--- DATASET EXTRACT Enclosed Below ---

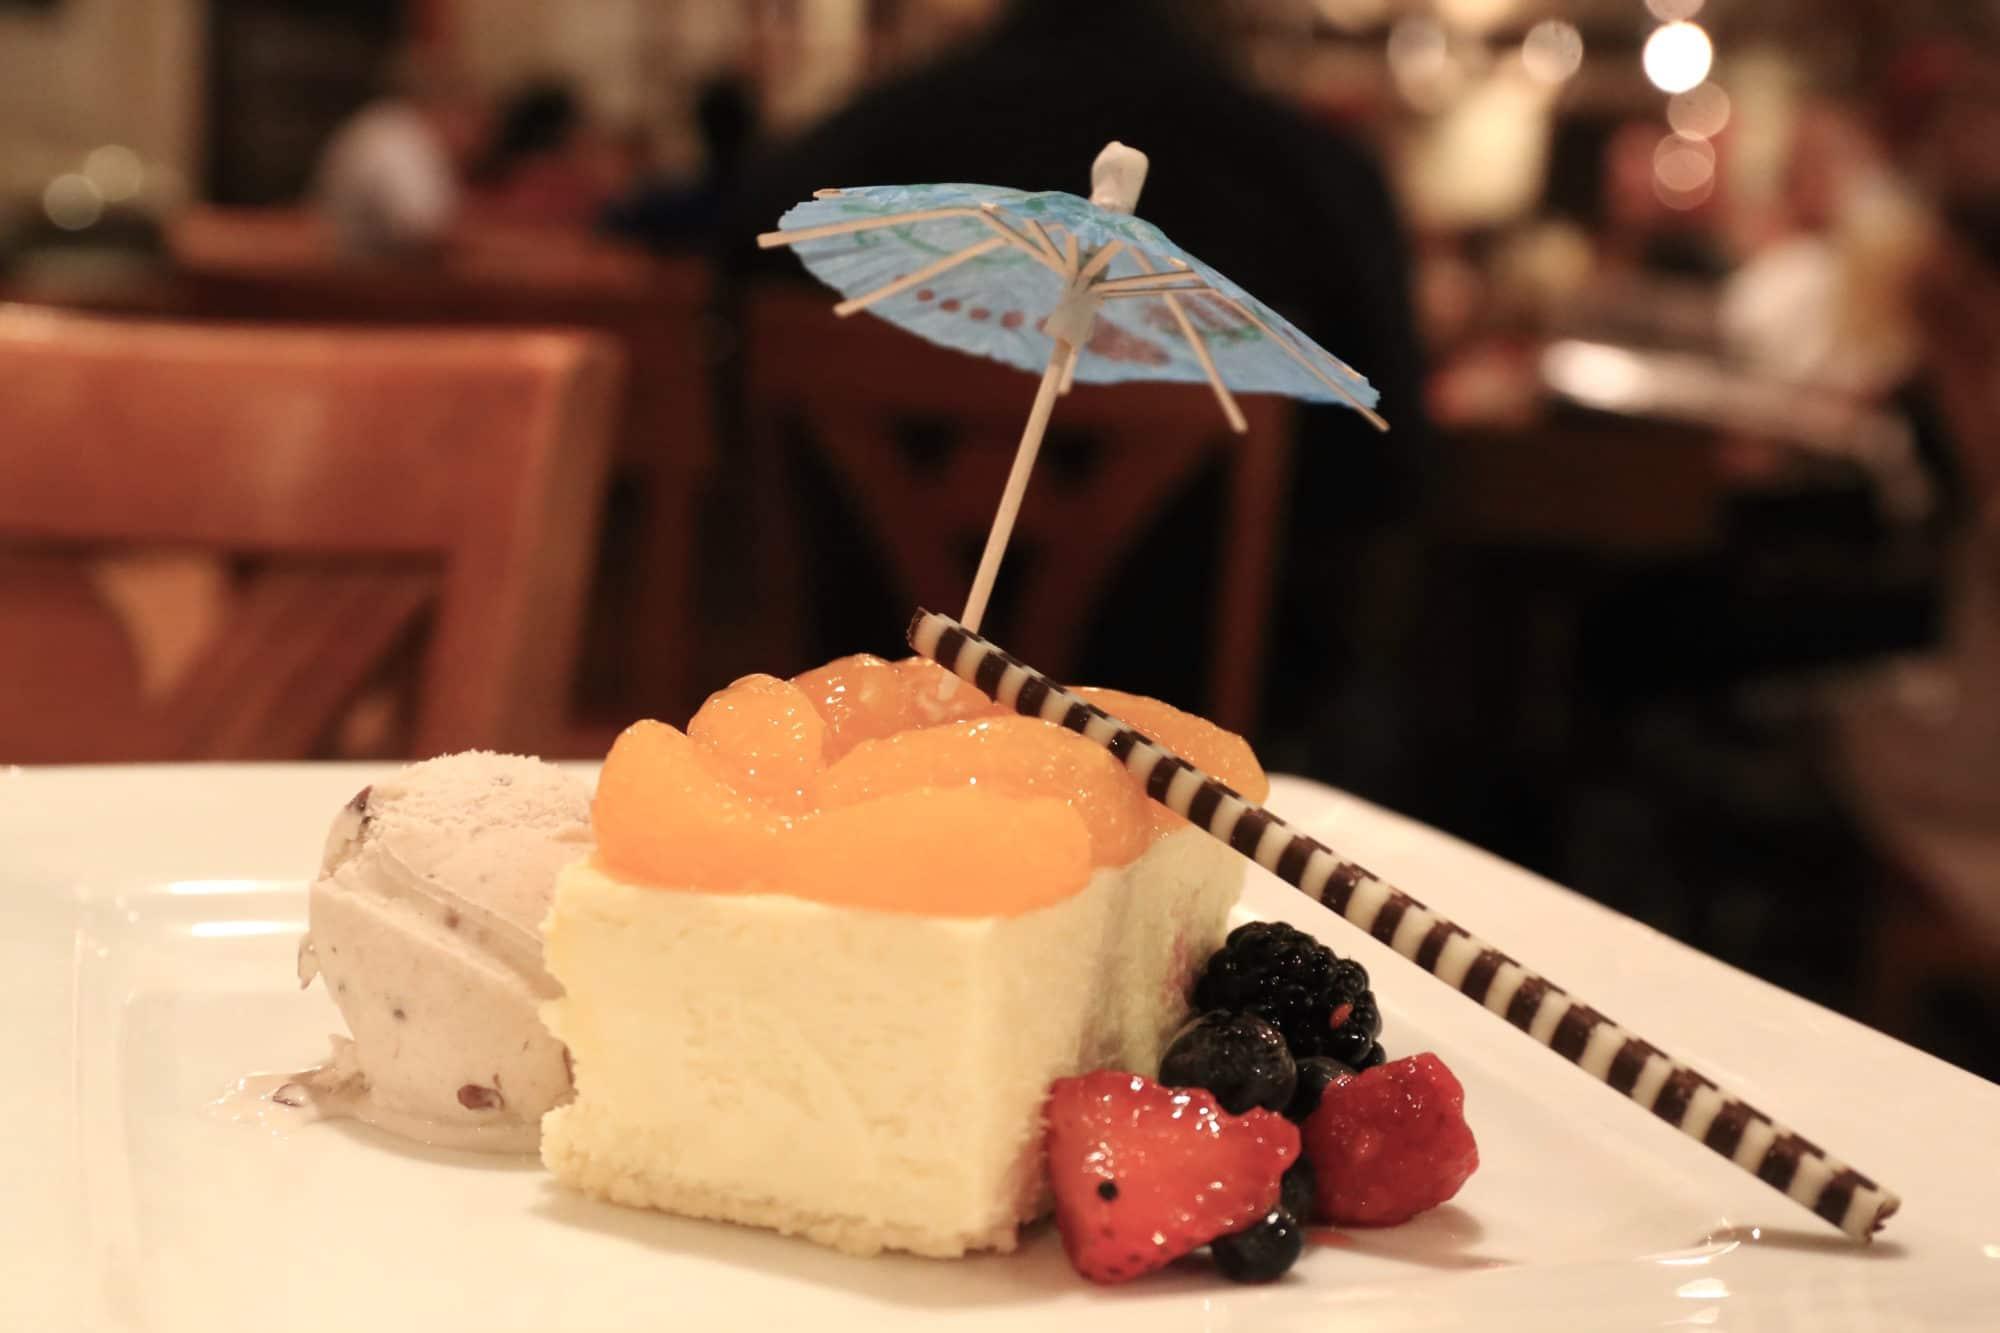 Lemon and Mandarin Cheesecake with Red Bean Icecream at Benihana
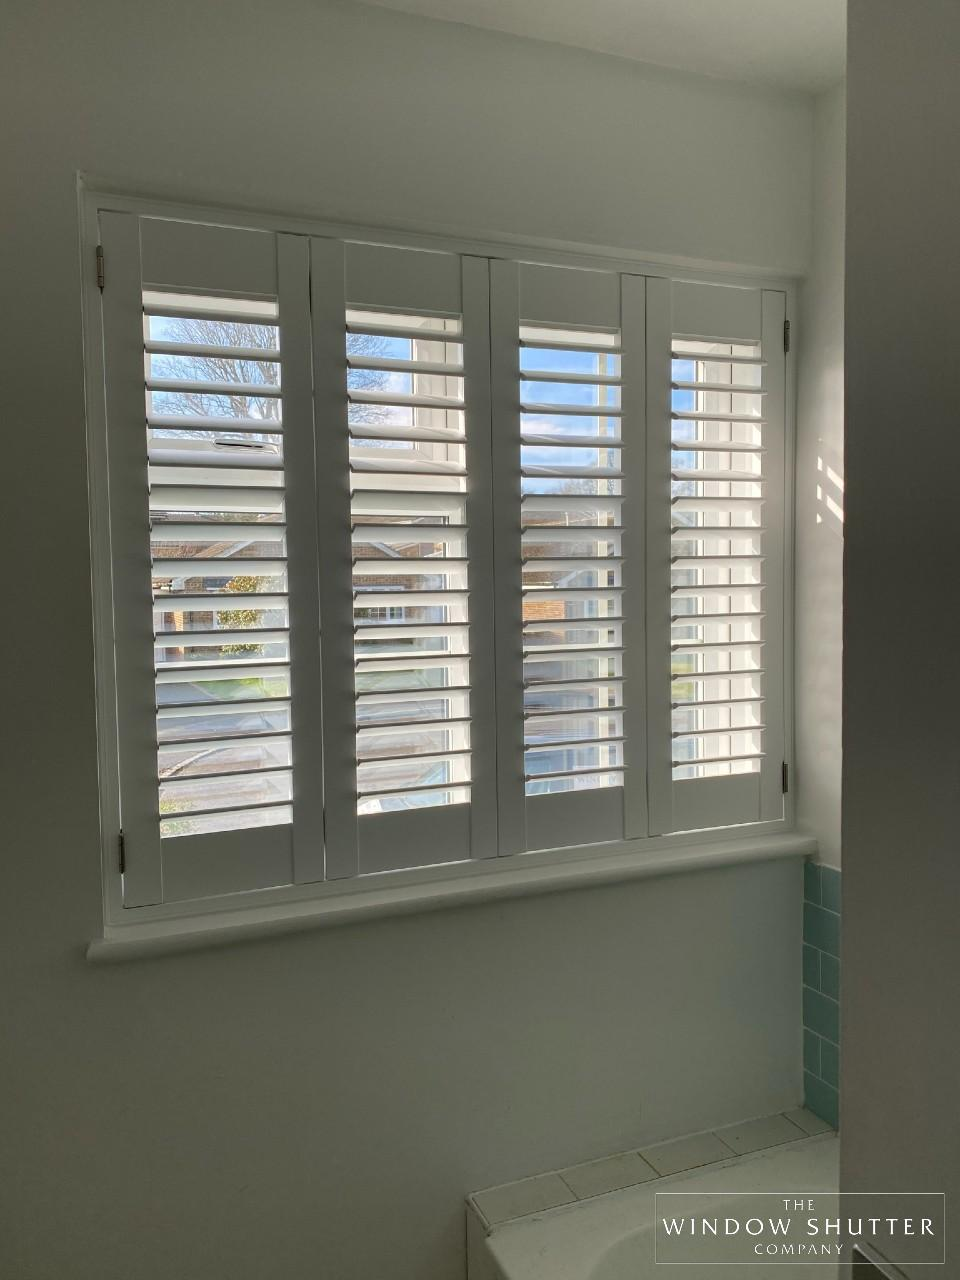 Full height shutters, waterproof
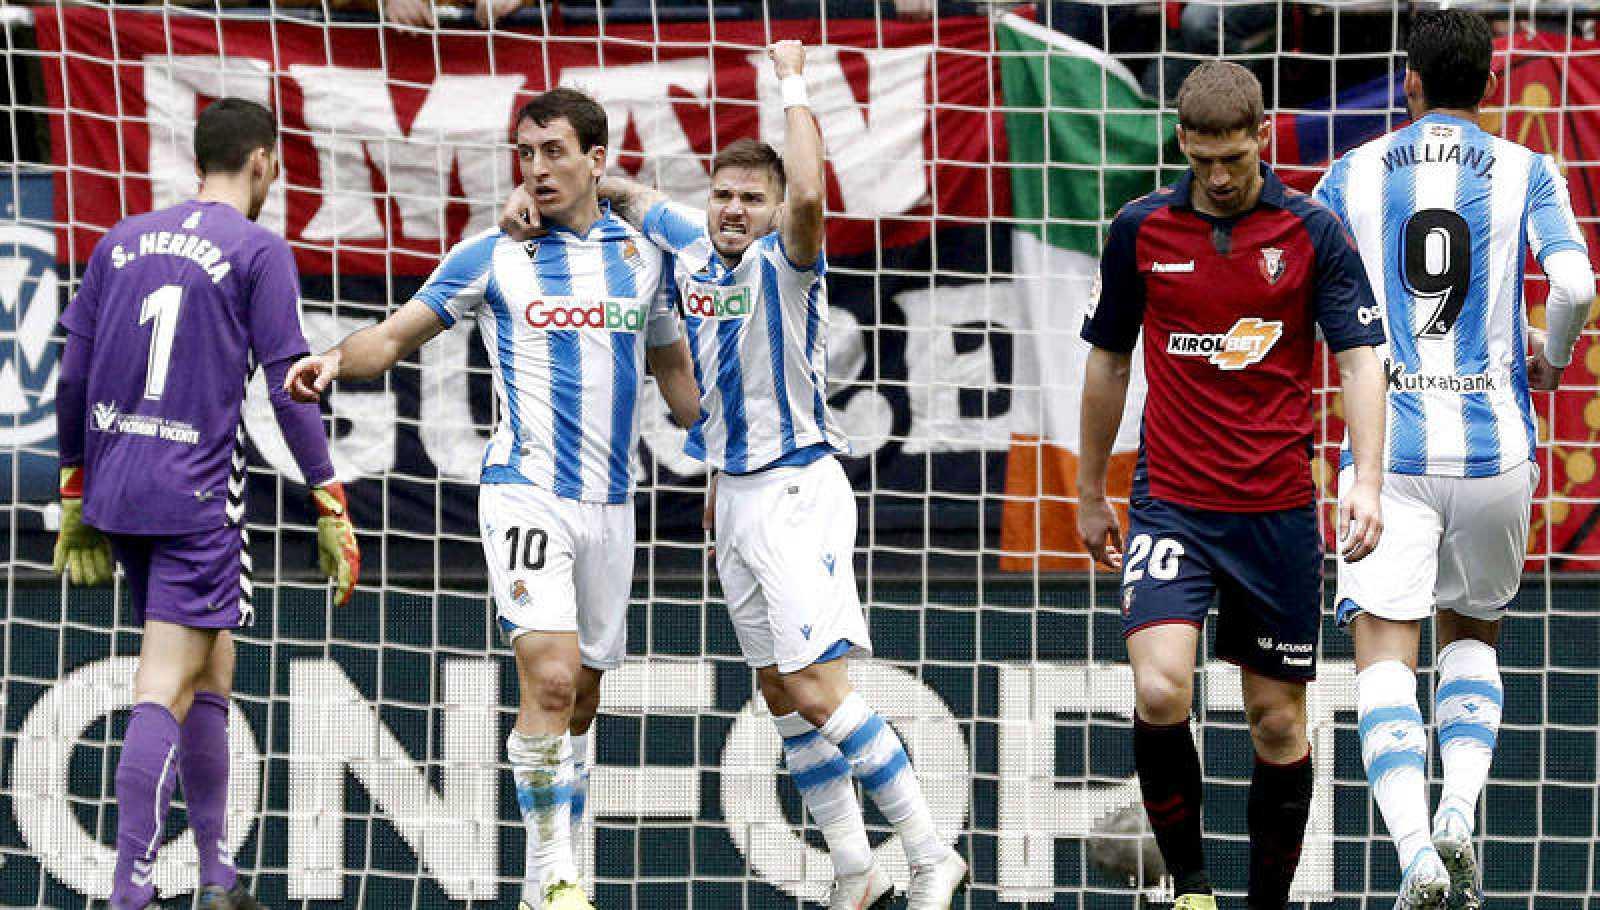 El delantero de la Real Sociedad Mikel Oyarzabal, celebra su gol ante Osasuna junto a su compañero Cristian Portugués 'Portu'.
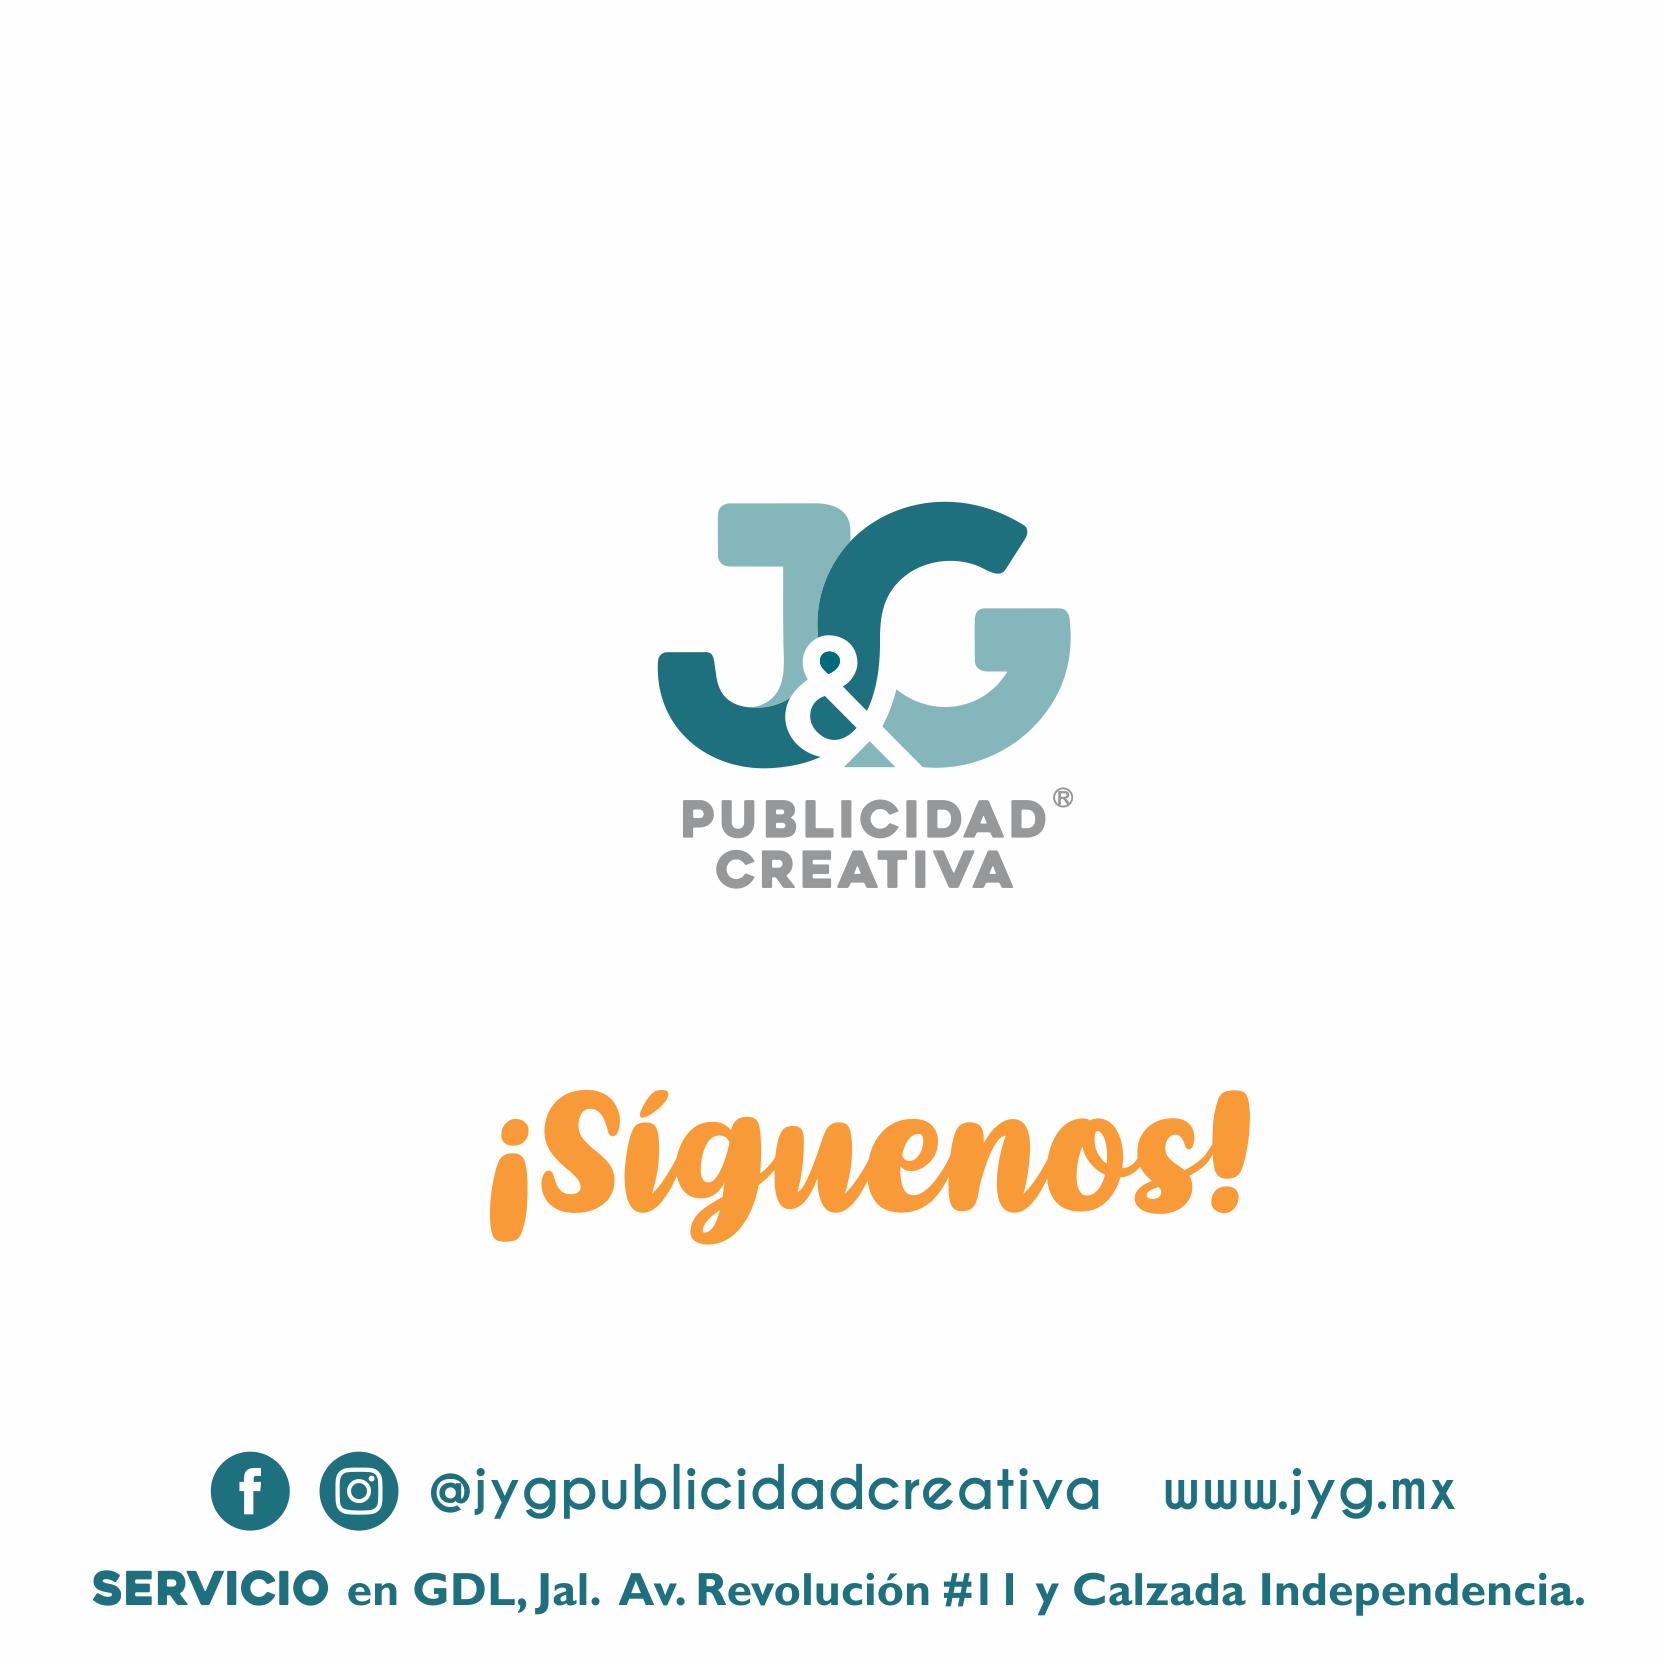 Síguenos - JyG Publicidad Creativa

--- End of Enclosed DATASET EXTRACT ---

### TASK PROMPT
All of the listing above must be output exactly, except for its pictures.

### FINISHED TASK
 Lemon and Mandarin Cheesecake with Red Bean Icecream at Benihana
 Full height shutters, waterproof
 El delantero de la Real Sociedad Mikel Oyarzabal, celebra su gol ante Osasuna junto a su compañero Cristian Portugués 'Portu'.
 Síguenos - JyG Publicidad Creativa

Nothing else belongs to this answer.